Data mining methodologies to build real-world data products

Avikumar Talaviya
The Modern Scientist
10 min readMay 29, 2024

Learn the must-know data mining techniques to develop and build machine learning-powered applications using flask

Photo by Isaac Smith on Unsplash

Introduction

Machine learning in notebooks has no real value beyond research and knowledge purposes. Businesses need to be able to monetize the data science and machine learning projects for which models must be deployed in production and maintained to realize their potential business impact and enhance the customer experience.

With the rise in the need to implement large-scale machine learning deployments, We must understand how to bring both data mining and software engineering methodologies together in order to achieve success in ML-powered products and services.
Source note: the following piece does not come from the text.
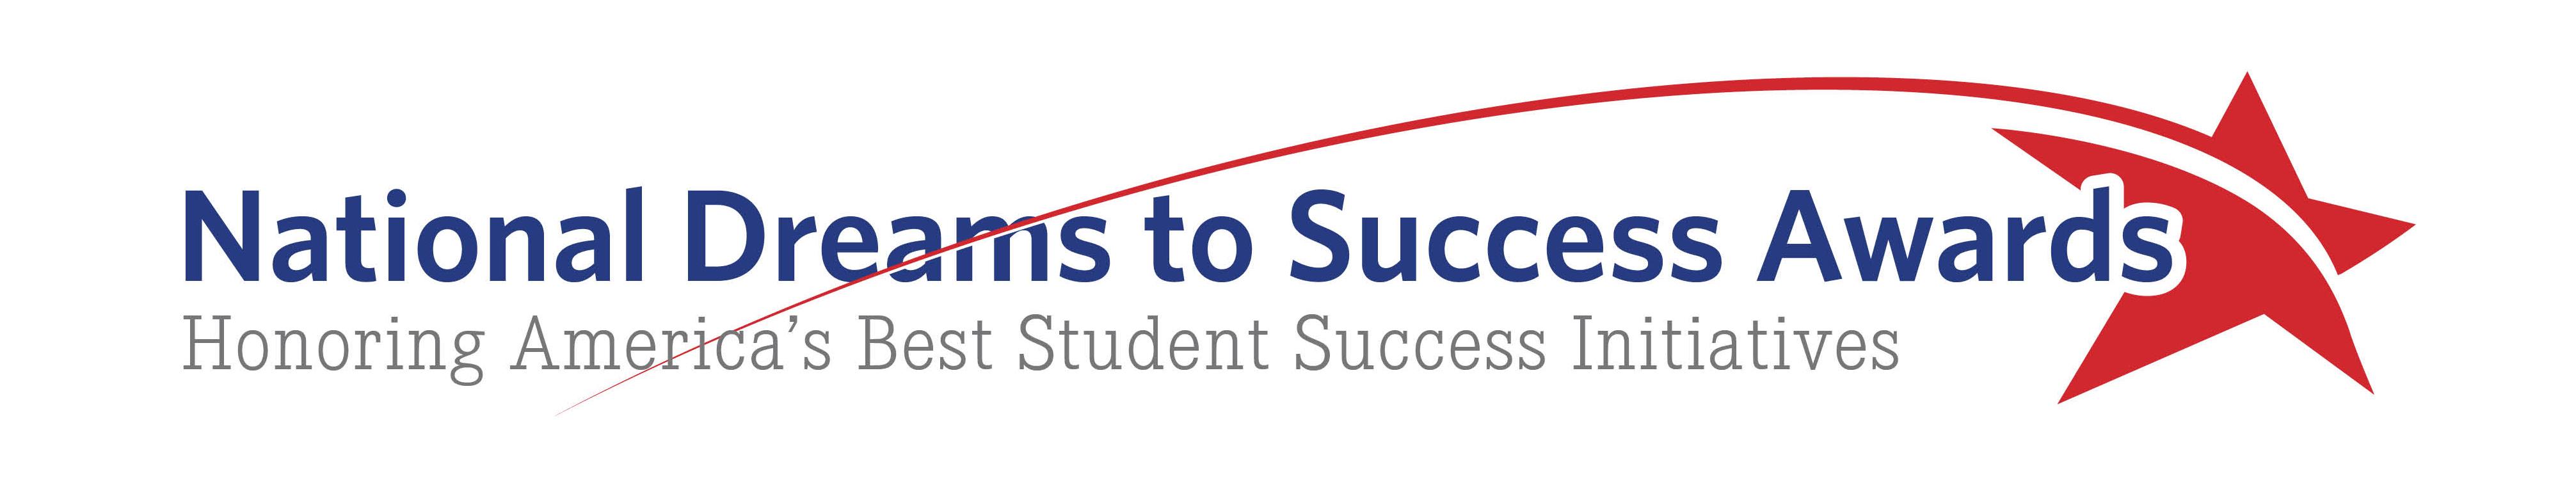 National Dreams to Success Logo

In this article, we will look at those methods for building real-world data products. So let’s get started!

Learning objectives:

  1. To appreciate the difference between data science and software engineering methodologies.
  2. Develop machine learning model using data mining techniques and consumer using web API
  3. Set up a CI/CD pipeline to deploy the model in production using software engineering principles

Table of contents:

  1. Data science vs. software engineering
  2. Data mining methodologies for data science projects
  3. Build, Deploy, and Consume model
  4. Taking the Machine learning model from Dev to staging
  5. Conclusion
  6. FAQs

Data science vs. software engineering

When it comes to data science projects, following the right methodology is crucial to achieve the desired results of the project. There are many methods like scrum, agile, Kanban, or CRISP-DM among others. All these methods are used to make sure the project is delivered in a timely manner while fulfilling user or client’s requirements.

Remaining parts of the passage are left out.